Main Session
Sep 28
PQA 01 - Radiation and Cancer Physics, Sarcoma and Cutaneous Tumors

2096 - Comparison of Two Dose Calculation Algorithms to In Vivo Dose Measurements for Cardiac Implantable Electronic Device Located at Distances Less than 10 Cm from Field Edge in External Beam Radiation Therapy

02:30pm - 04:00pm PT
Hall F
Screen: 7
POSTER

Presenter(s)

Karolyn Hopfensperger, PhD - University of Michigan, Ann Arbor, MI

K. Hopfensperger, A. Taylor, and A. Moncion; Department of Radiation Oncology, University of Michigan, Ann Arbor, MI

Purpose/Objective(s): AAPM TG-203 is frequently used as a guide for the management of patients with cardiac implantable electronic devices (CIEDs). The report indicates that in vivo measurements should be used to confirm treatment planning system (TPS) dose estimates for CIEDs located between 3 and 10 cm from the edge of the external beam radiation therapy (EBRT) treatment field. This study compares two commonly used treatment planning algorithms, Anisotropic Analytical Algorithm (AAA, v16.1.0) and Acuros XB (AXB, v16.1.0), to determine if TPS dose calculations provide a reasonable estimate of total max dose to CIEDs over the course of treatment, which could result in time savings, reduced cost, and accelerate clinical decision-making regarding managing CIEDs during EBRT treatments.

Materials/Methods: A retrospective analysis of 102 treatment plans from 91 patients treated from 2017-2024 with EBRT were considered. All patients had CIED-to-field edge distances of less than 10 cm, with the minimum distance being 0 cm (direct overlap of the CIED with edge of field). Patients were treated with static gantry IMRT (10), VMAT (75), or 3D-CRT (17). All plans were originally calculated with AAA and re-calculated using the AXB algorithm at the time of study. In vivo measurements were taken with OSLDs (71), TLDs (28), or film (3) for the first fraction of treatment and the results used to calculate the total dose to the CIED. The percentage difference between the TPS estimated total max dose and in vivo measurements, and the difference between AAA and AXB estimated total max dose, were calculated.

Results: Sixty-six percent of in vivo doses were lower than the TPS max dose calculated with AAA, while 57% of in vivo doses were lower than the TPS max dose calculated with AXB. Of the measurements that had higher in vivo dose than TPS dose, all measured doses were below the 5 Gy threshold recommended by TG-203. Of the measurements that had higher in vivo dose than TPS dose, the median (95% confidence interval (CI)) dose difference was 0.35 Gy (0.22 Gy, 0.44 Gy) and 0.36 Gy (0.25 Gy, 0.51 Gy) for AAA and AXB, respectively. Both algorithms showed strong correlation with in vivo measurements, with Spearman correlation coefficients of 0.83 (p<0.0001) and 0.80 (p<0.0001) for AAA and AXB, respectively. The median difference (95% CI) between AAA and AXB was 0.05 Gy (0.01 Gy, 0.09 Gy). There were no reported device failures due to radiation.

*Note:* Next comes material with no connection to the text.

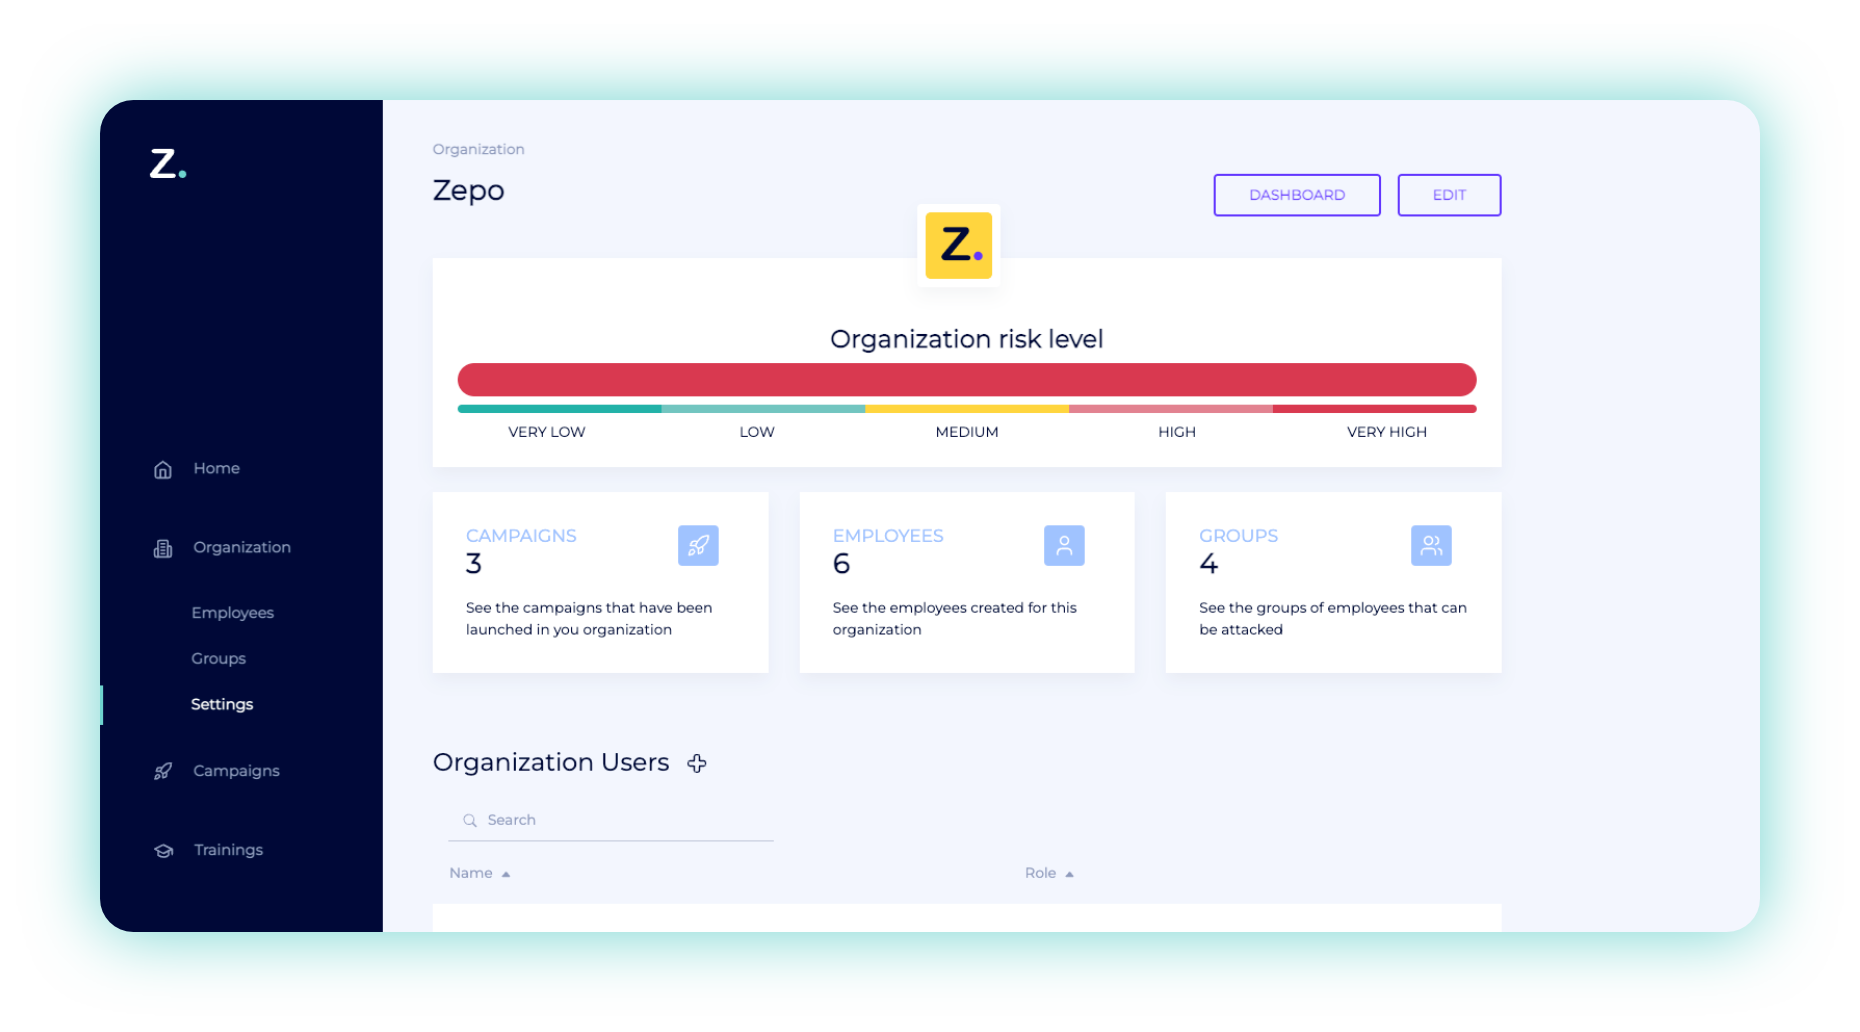 Zepo monitor organization risk level

Conclusion: These results indicate that while there is still uncertainty with TPS calculated doses to CIED in both algorithms, in vivo measurements confirm that cardiac devices are unlikely to exceed the 5 Gy threshold in clinical cases. Additionally, there is very good agreement between AAA and AXB for out-of-field dose calculations. Further analysis is warranted to assess which treatment parameters (e.g., plan complexity, monitor units, etc.) are predictors for higher CIED dose, and can further be used to make informed decisions on which patients should receive in vivo dosimetry for their CIED.